É com bom humor que Daniel Cariello passa por todas essas características locais. Ótimo criador de diálogos, ele capta conversas picadas dos brasilienses, ao mesmo tempo em que promove um resgate de personagens, pontos turísticos, de músicas da cidade e até suas gírias – um ônibus, em Brasília, também é um baú, enquanto que uma bicicleta pode ser um camelo, como, aliás, foi imortalizado em música da Legião Urbana. A propósito, o célebre show do grupo liderado por Renato Russo na capital federal em 1988 foi visto por Daniel, assim como a última partida de Garrincha, em 1982 – peças da história de uma cidade, memórias de quem nela crescia.
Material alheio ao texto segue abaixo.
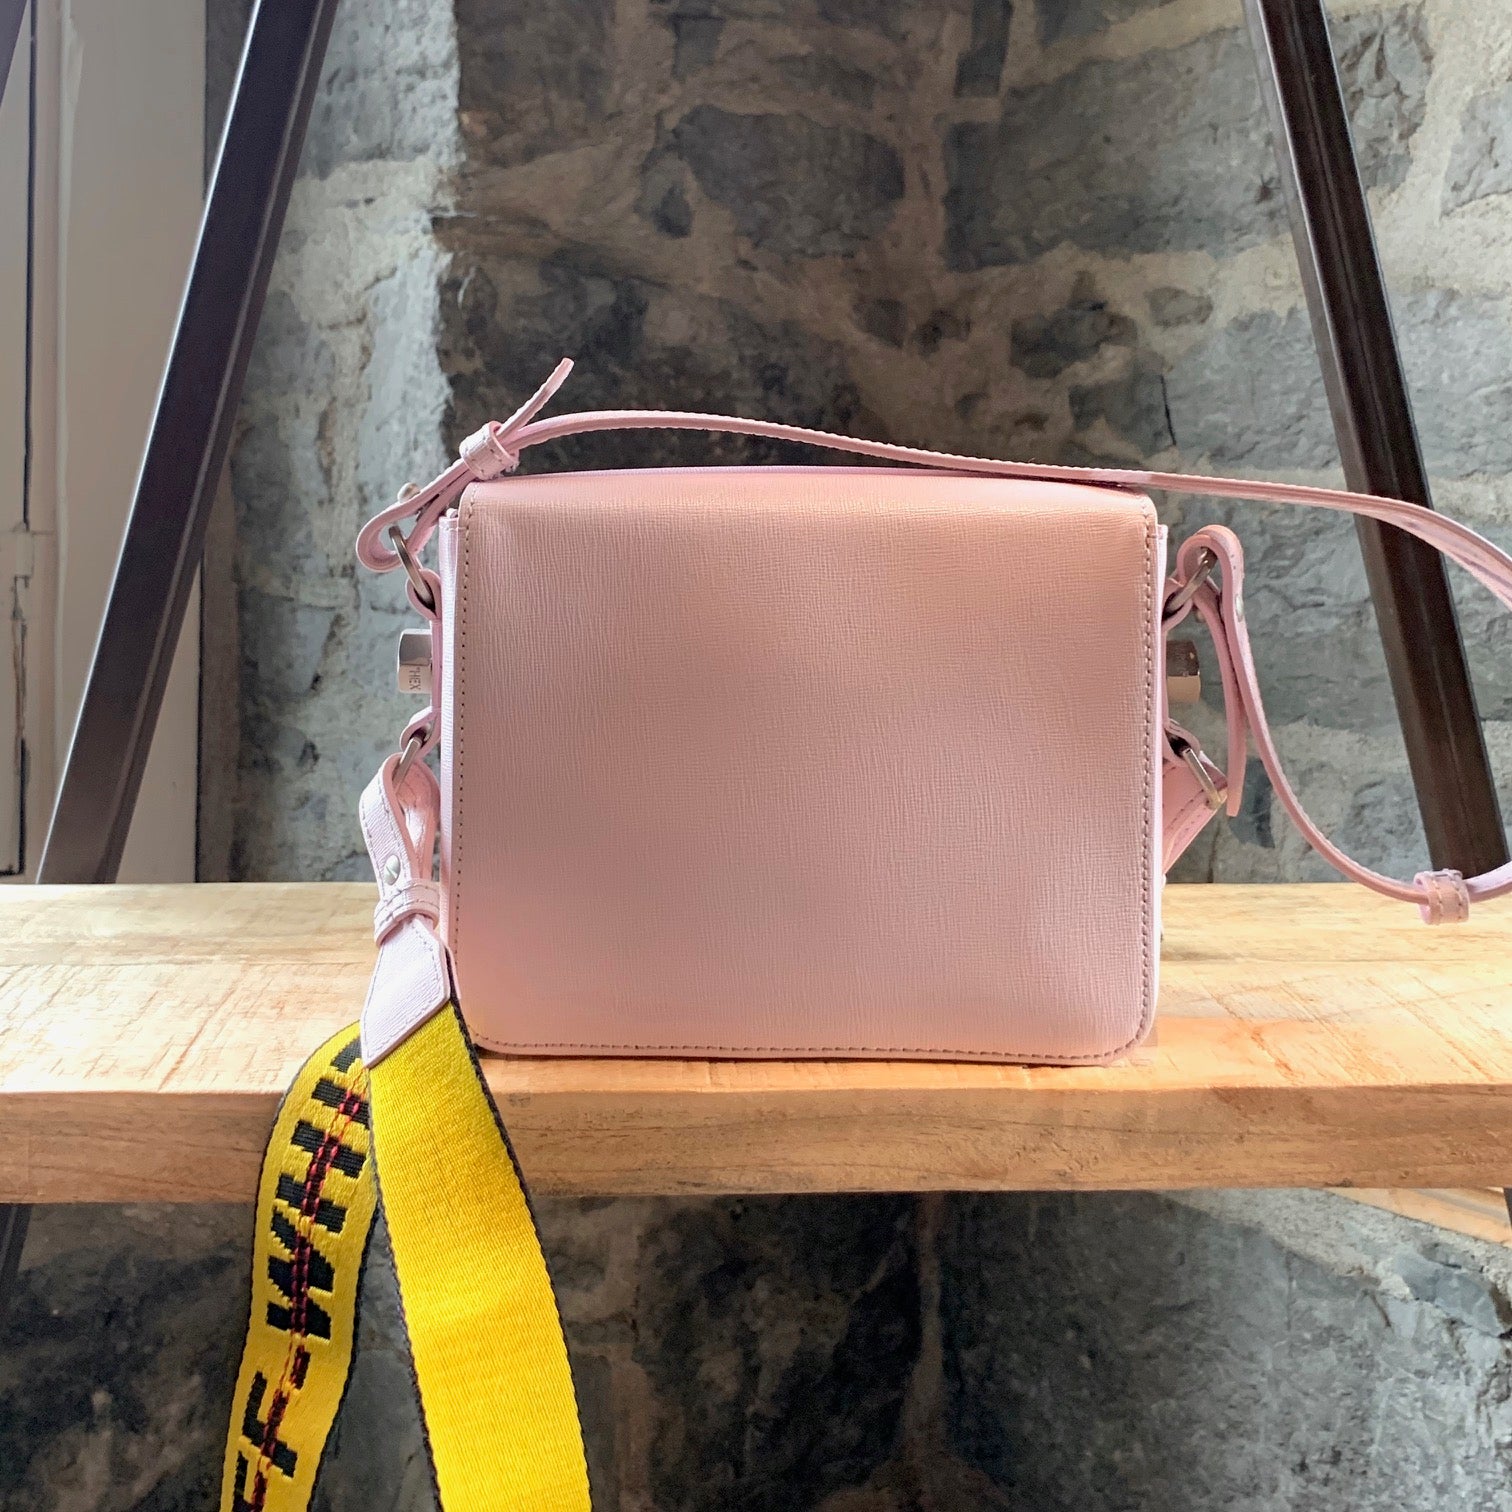 Off-White Pink Binder clip mini leather shoulder bag ($750

A crônica também é, afinal, uma maneira de impedir que a história se perca. Mas mesmo com a passagem do tempo, existem coisas em uma cidade que permanecem. Pode ser o motorista da van, que é o mesmo de seus tempos de criança.  Ou então o seu Rafael, que ainda passa o dia inteiro sentado, observando o vai e vem de carros, bicicleta e pessoas na Asa Sul. Às vezes é o repentino surgimento de pipoqueiros na Torre de TV. São marcas que resistem ao tempo e reforçam o sentimento de identidade do cronista com a cidade. É como ele mesmo observou: “Um ponto de referência na vida de alguém é algo com uma carga sentimental única”.

Temos, na leitura dessas crônicas, muitos encontros com o Daniel criança, personagem feliz de uma infância que, aparentemente, já não se vive nem em Brasília nem fora dela. Mas também há oportunas aparições de sua filha Louise, ao lado de quem Daniel fará nevar para que as suas bonecas tenham onde esquiar, completará um álbum de figurinhas nem que precise imprimir os cromos da Internet, colará estrelinhas no teto para que possam viajar a bordo de foguetes espaciais. Não se trata, portanto, apenas do cronista que revive a sua infância: são marcas que ele deixa para que um dia a sua filha tenha tantos motivos para se recordar desses anos quanto ele teve ao crescer em Brasília. Porque é a infância que, em toda parte, prevalece.

E no fim aquele parquinho já não me parece mais tão desprovido de graça assim.